Dr. Porter brings to the Board his broad knowledge of business-government relations and economics. He has served for more than a decade in senior economic policy positions in the White House, including as assistant to the president for economic and domestic policy from 1989 to 1993. He was also director of the White House Office of Policy Development in the Reagan Administration and executive secretary of the president’s economic policy board during the Ford Administration. He is the author of several books on economic policy. Dr. Porter has also gained extensive financial and risk management expertise through his service on the audit committees of Zions and several other companies.
Stephen D. Quinn
Age 58
Director since 2002
Mr. Quinn is a former managing director and general partner of Goldman, Sachs & Co. in New York, New York. He is a director of Group 1 Automotive, Inc. and was a director of American Express Bank Ltd. prior to its sale in 2009.

Mr. Quinn contributes financial and investment banking expertise to the Board. At Goldman Sachs, he specialized in corporate finance, spending two decades structuring mergers and acquisitions, debt and equity financings, and other transactions for some of America's best-known corporations. Mr. Quinn chairs our Audit Committee. At Group 1 Automotive, he currently chairs the finance and risk management committee and is a member of the audit and nominating and governance committees. He has also served as Group 1 Automotive’s lead director. At American Express Bank Ltd., Mr. Quinn chaired the risk committee and served as a member of its audit committee.
Harris H. Simmons
Age 59
Director since 1989
Mr. Simmons is Chairman and Chief Executive Officer, or CEO, of Zions Bancorporation, and chairman of Zions First National Bank. He is a director of Questar Corporation where he serves on the audit, and governance and nominating committees. Mr. Simmons also serves on the boards and various committees at O.C. Tanner Company, which is privately held, and National Life Holding Company, a mutual insurance company.

Mr. Simmons’ nearly 40 years of experience in banking and leadership of the Company is invaluable to the Board. During his tenure as our President and then Chairman and CEO, we have grown from $3 billion in assets to our present $56 billion in assets. He is past chairman of the American Bankers Association and a member of the Financial Services Roundtable.
L. E. Simmons
Age 67
Director since 1978

Mr. Simmons is the founder and president of SCF Partners, a private equity firm managing a portfolio of energy service companies. Based in Houston, Texas, the firm also has offices in Calgary, Alberta and Aberdeen, Scotland. Mr. Simmons is also a director of United Continental Holdings, Inc., where he serves on the audit, finance and nominating and corporate governance committees.

Mr.
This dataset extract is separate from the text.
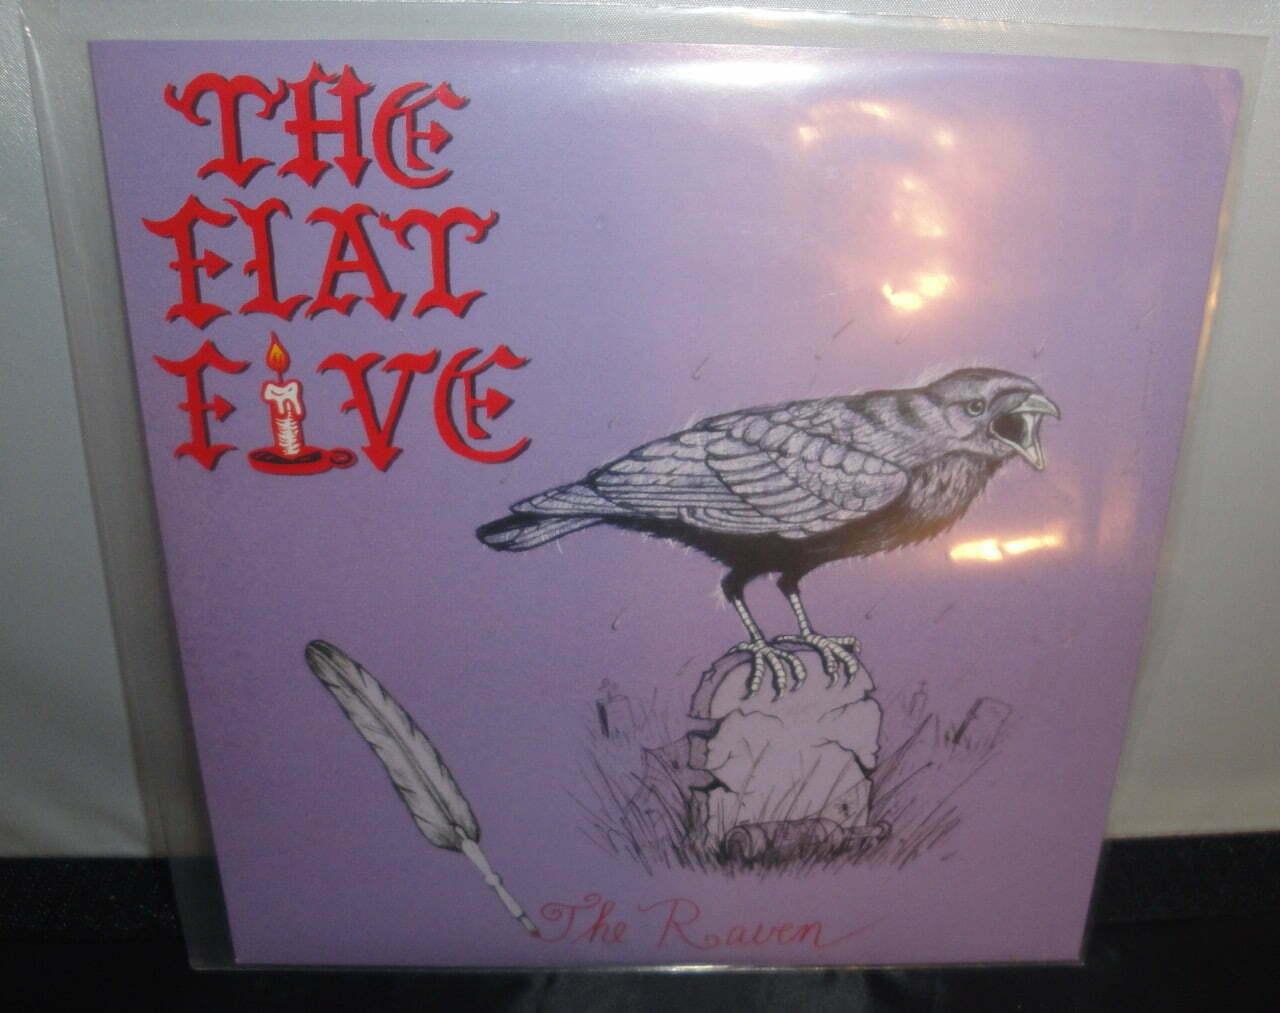 "The Flat Five - The Raven - 7"" Vinyl Single, Limited Edition, Smoky Orange"

Simmons brings extensive finance, investment, and merger and acquisition experience to the Board. Over the past 20 years, SCF has been involved in nearly 200 acquisitions. Prior to founding SCF, Mr. Simmons co-founded Simmons & Company International, the world’s leading investment banking firm to oil field service companies. He also helped to create the corporate finance department at The First National Bank of Chicago. Mr. Simmons also benefits the Board through his broad knowledge of the energy industry and of the Texas market. Mr. Simmons is the brother of Harris Simmons, our Chairman and CEO.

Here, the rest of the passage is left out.